◆ **Exercise directions**:
Your task is to retype, exactly, the line containing "ASUS P8H77-V Intel" and every later line through the end of the listing, with pictures omitted.

◆ **Data extract**:
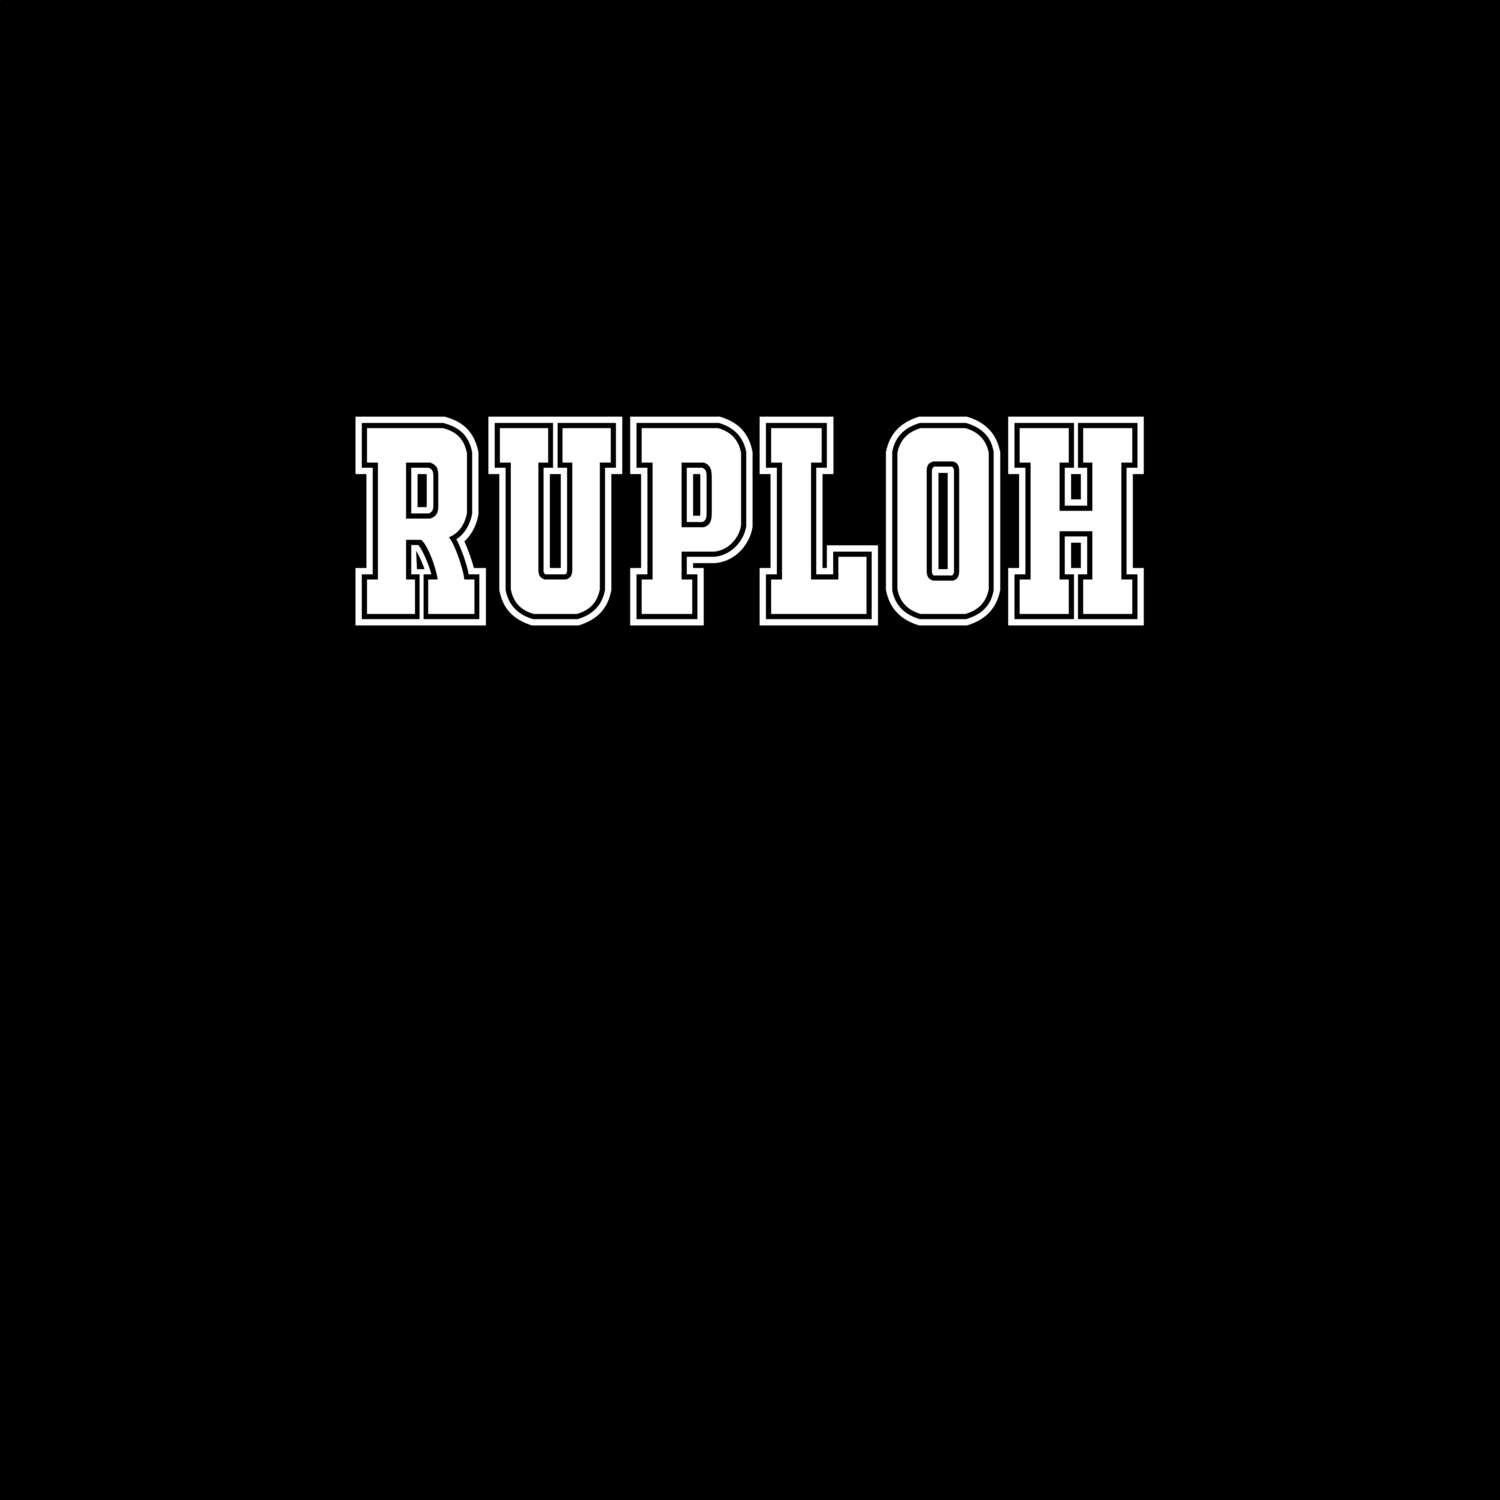 Ruploh T-Shirt »Classic«
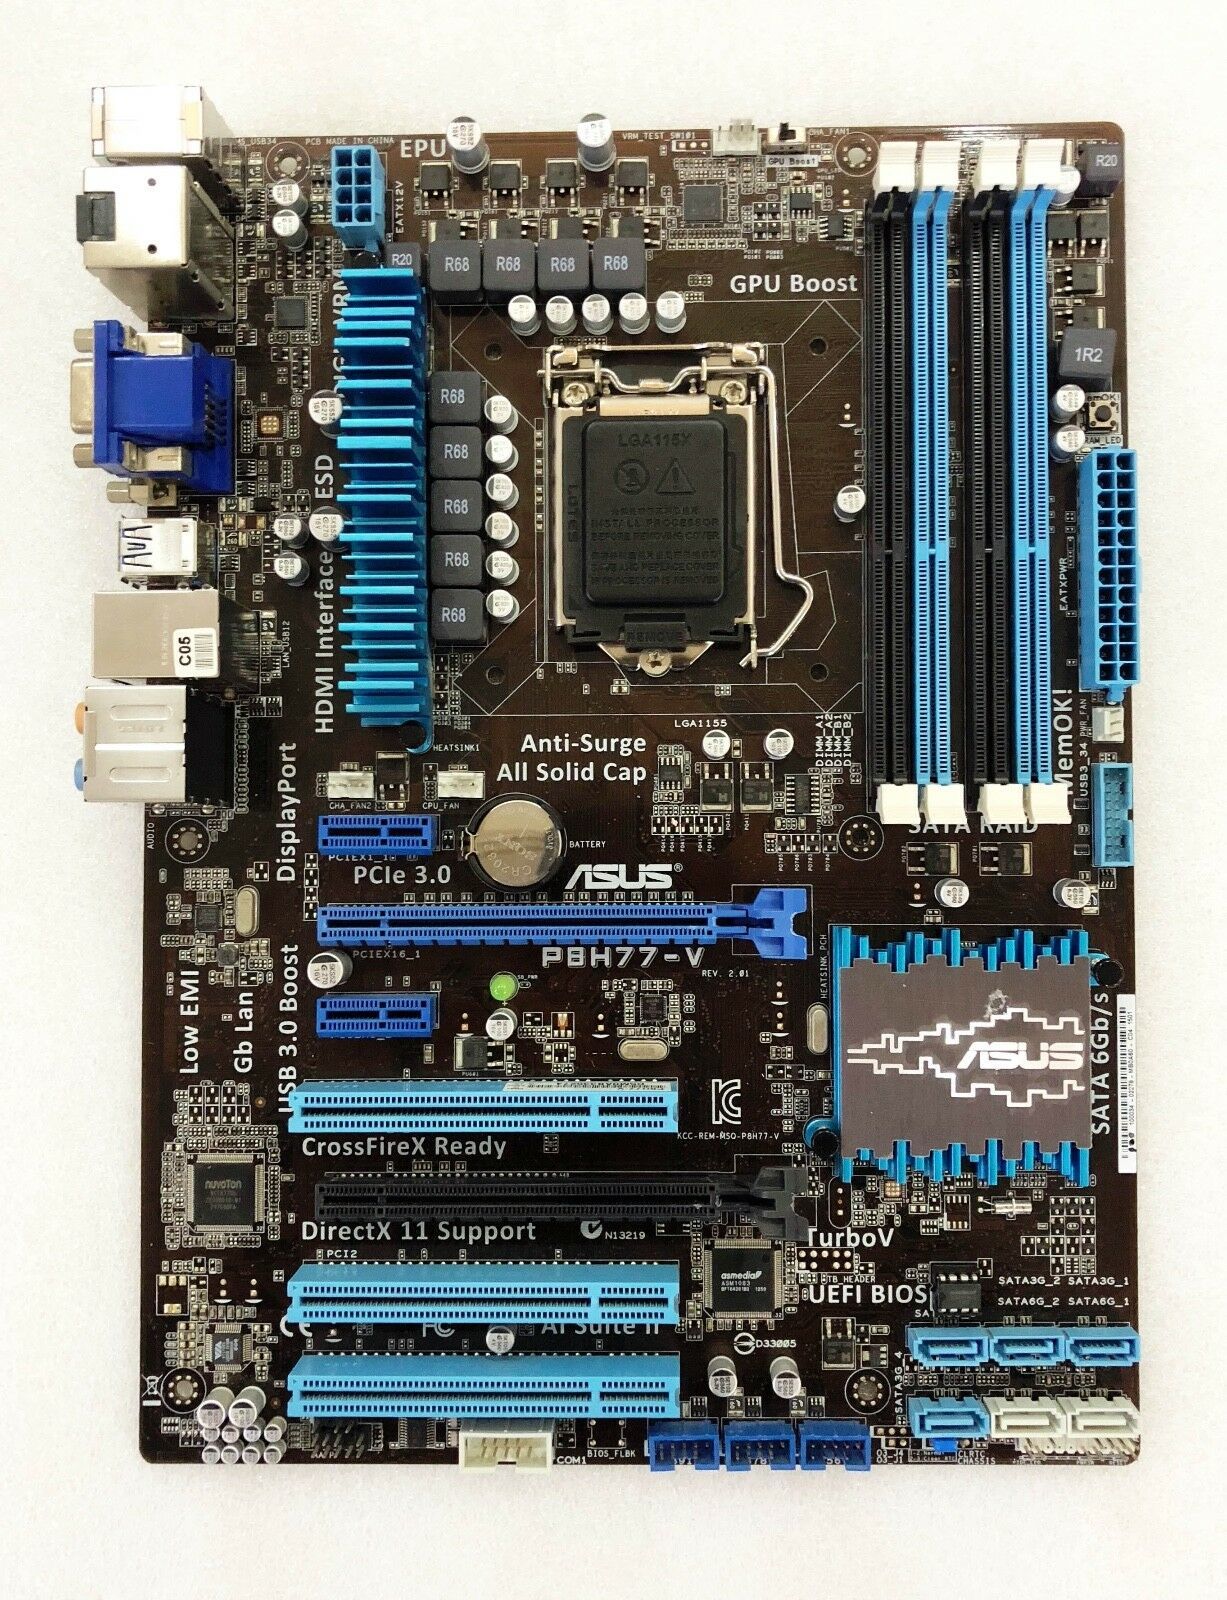 ASUS P8H77-V Intel Motherboard ATX LGA 1155 Socket H2 - $108.89
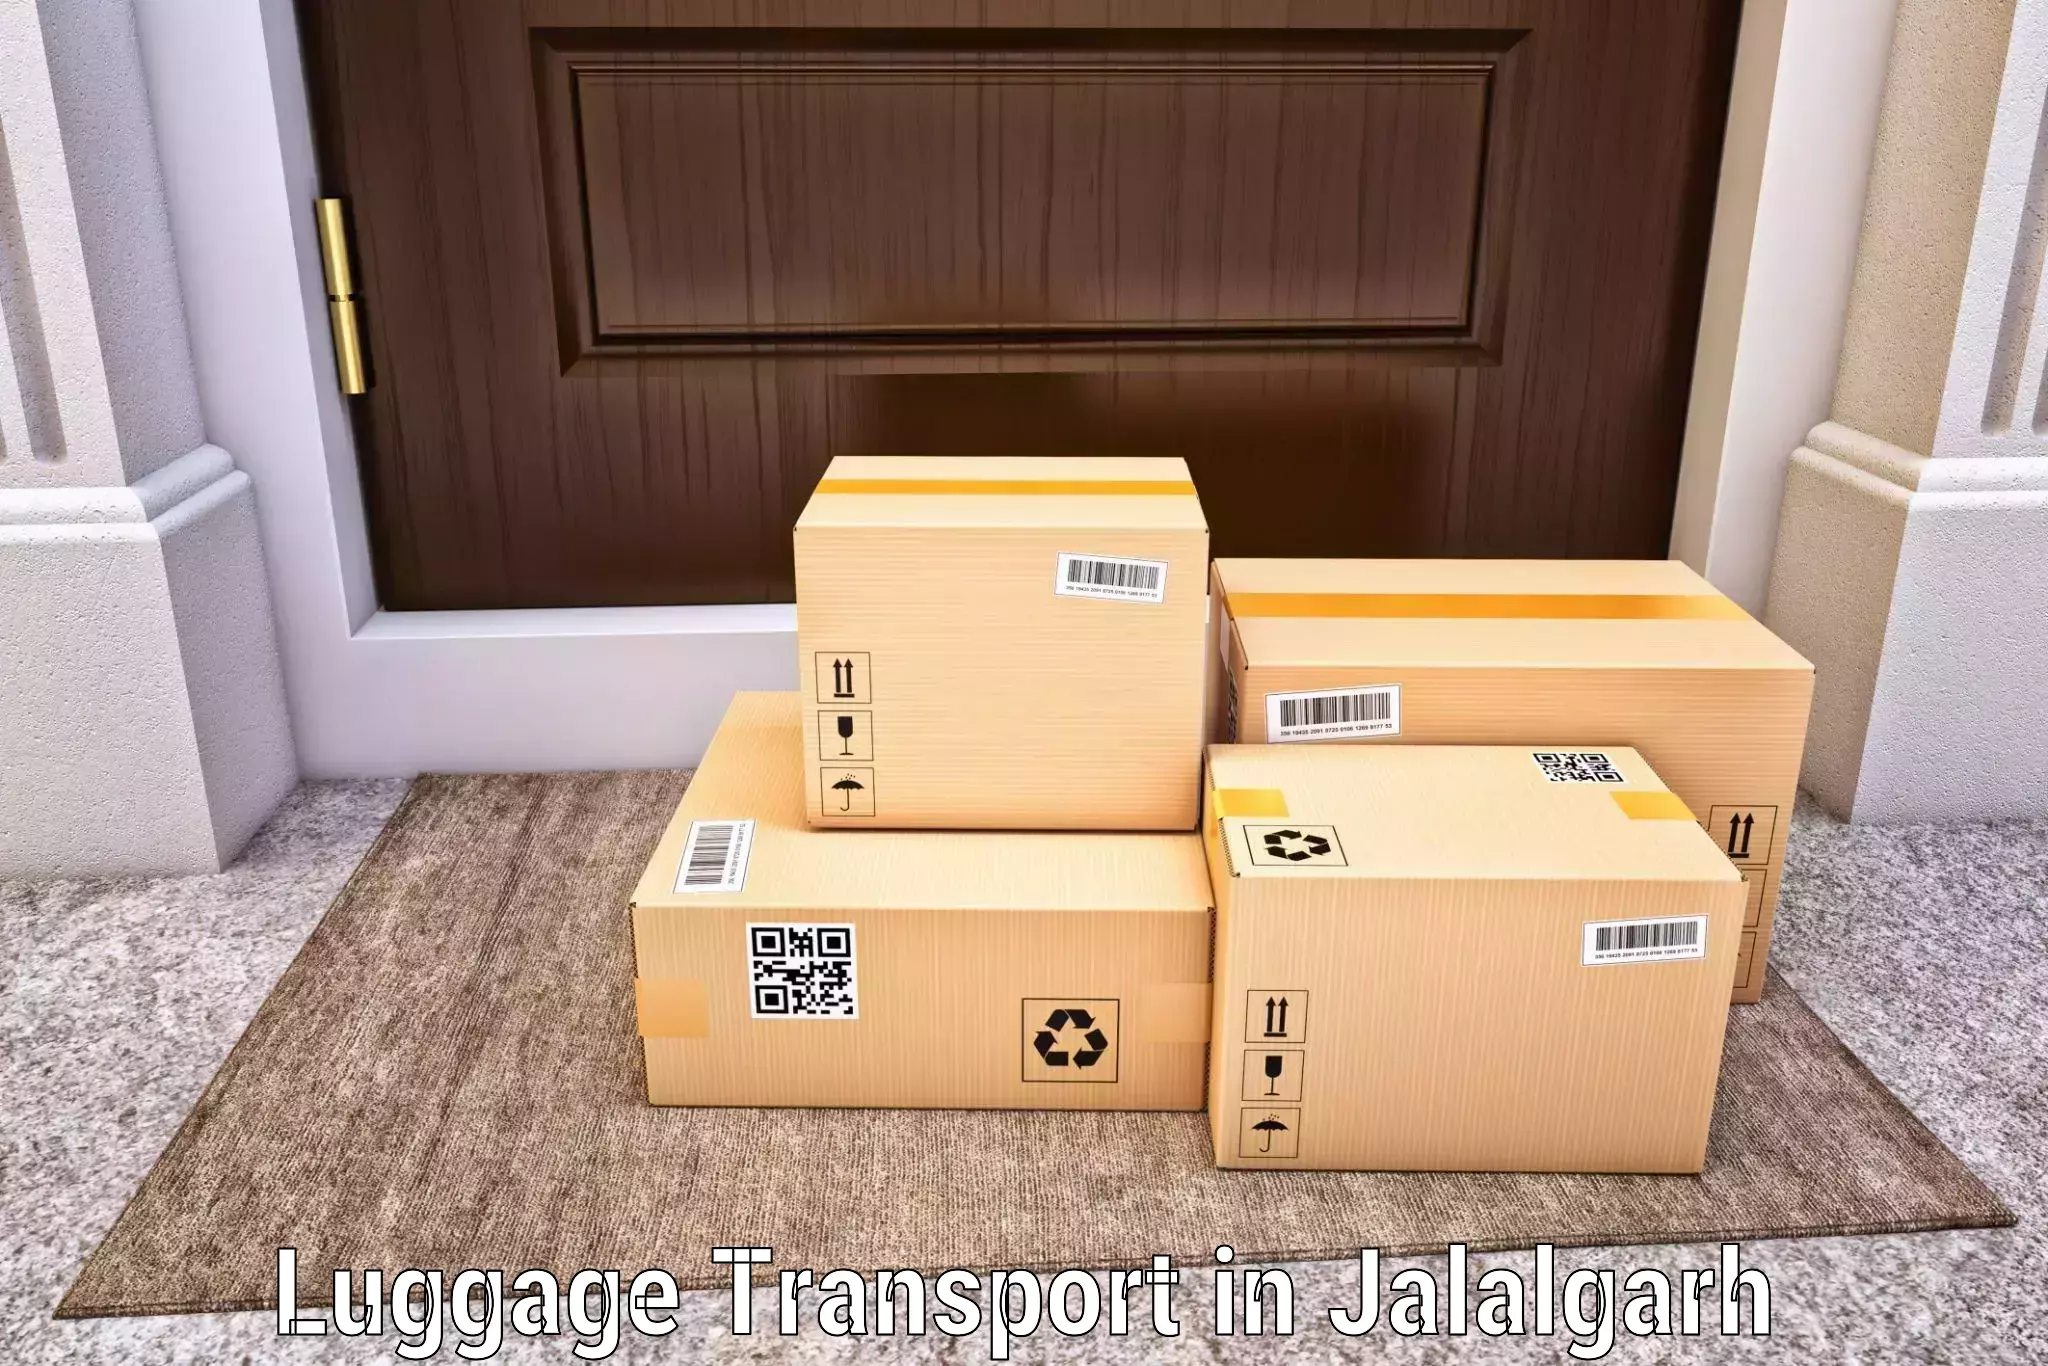 Corporate baggage transport in Jalalgarh

◆ **Expected answer**:
 ASUS P8H77-V Intel Motherboard ATX LGA 1155 Socket H2 - $108.89
 Corporate baggage transport in Jalalgarh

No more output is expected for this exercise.